Percy snorts. "Wish my mom thought like that. She sic-ed me with Perseus without a care in the world as to how that would go over in middle school." He makes eye contact again, pulling that smile right back out. Being in such close quarters with him has her shaking like a leaf, but that smile is almost infectious. "So, Tesla, huh? Isn't that the pigeon guy?"
A laugh escapes her. "You could call him that. Personally, I remember him by his inventions and philosophies—but yes, he did quite like pigeons."
The elevator light blinks just before the doors open, and as nice as Percy seems, she's relieved to be on her floor—safety, space, and sleep all just a few yards away. "This is me."
Percy waves as she steps into the hallway. "It was nice to meet you, Annabeth. If you or Nik need anything, feel free to come by. A friend, a cousin, and I all room together, and someone's normally around if you need a hand."
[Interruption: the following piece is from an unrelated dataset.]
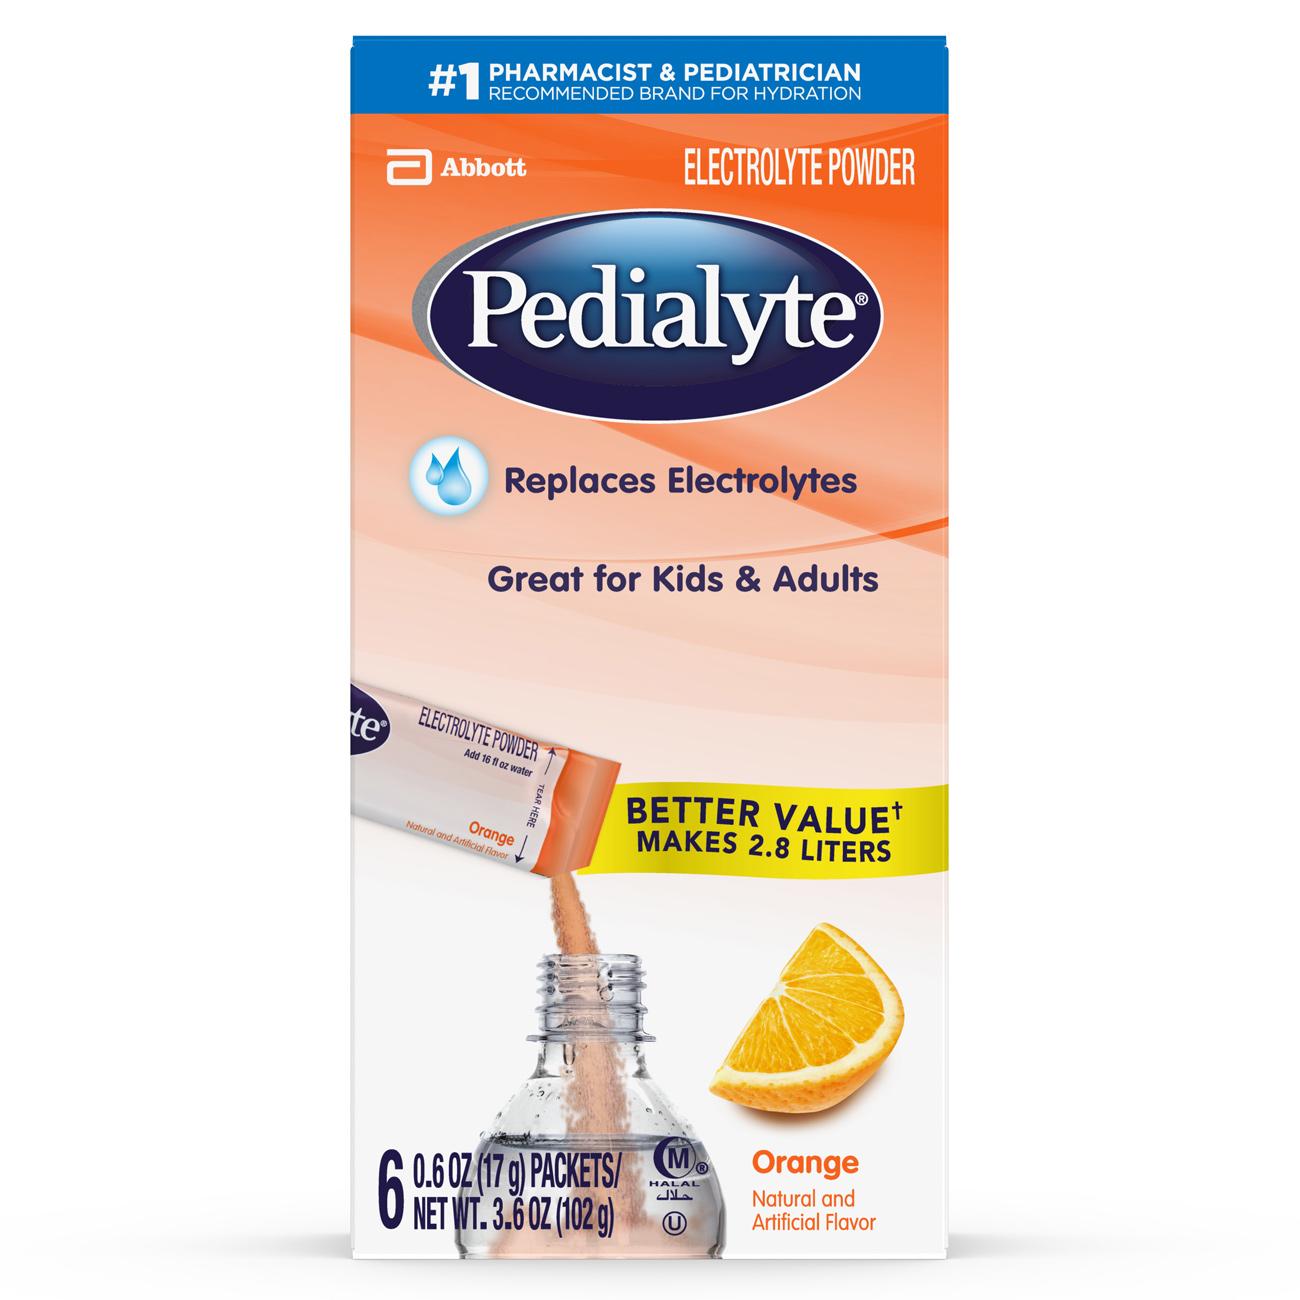 (3 pack) Pedialyte Electrolyte Powder, Electrolyte Drink, Orange, Powder Sticks, .6 oz, 6 Count

"Thanks, Percy. Have a good night." The word 'night' is clipped by the elevator doors sliding shut, and she takes her first deep breath since getting on the elevator, the hand not on Nik sliding from her its instinctive place on her pepper spray to her keys inside her pocket.
She double and triple checks the locks before carefully laying Nik back in the playpen, silently begging him not to wake back up as she climbs into the twin bed in the corner of the studio apartment.
The conversation with Percy has rattled her; he seems genuine, and it's promising to have an acquaintance in the building so soon. She won't go to his apartment, of course—but maybe the next time she sees Piper, the only friend she's made since running full speed from Virginia eight months ago, she can ask if she's ever seen him around campus.
The easygoing boy with the bright, tired eyes is the last thing running through her overworked mind before she falls right back into REM, her body too desperate for the two and a half hours she might still squeeze in to worry about tomorrow.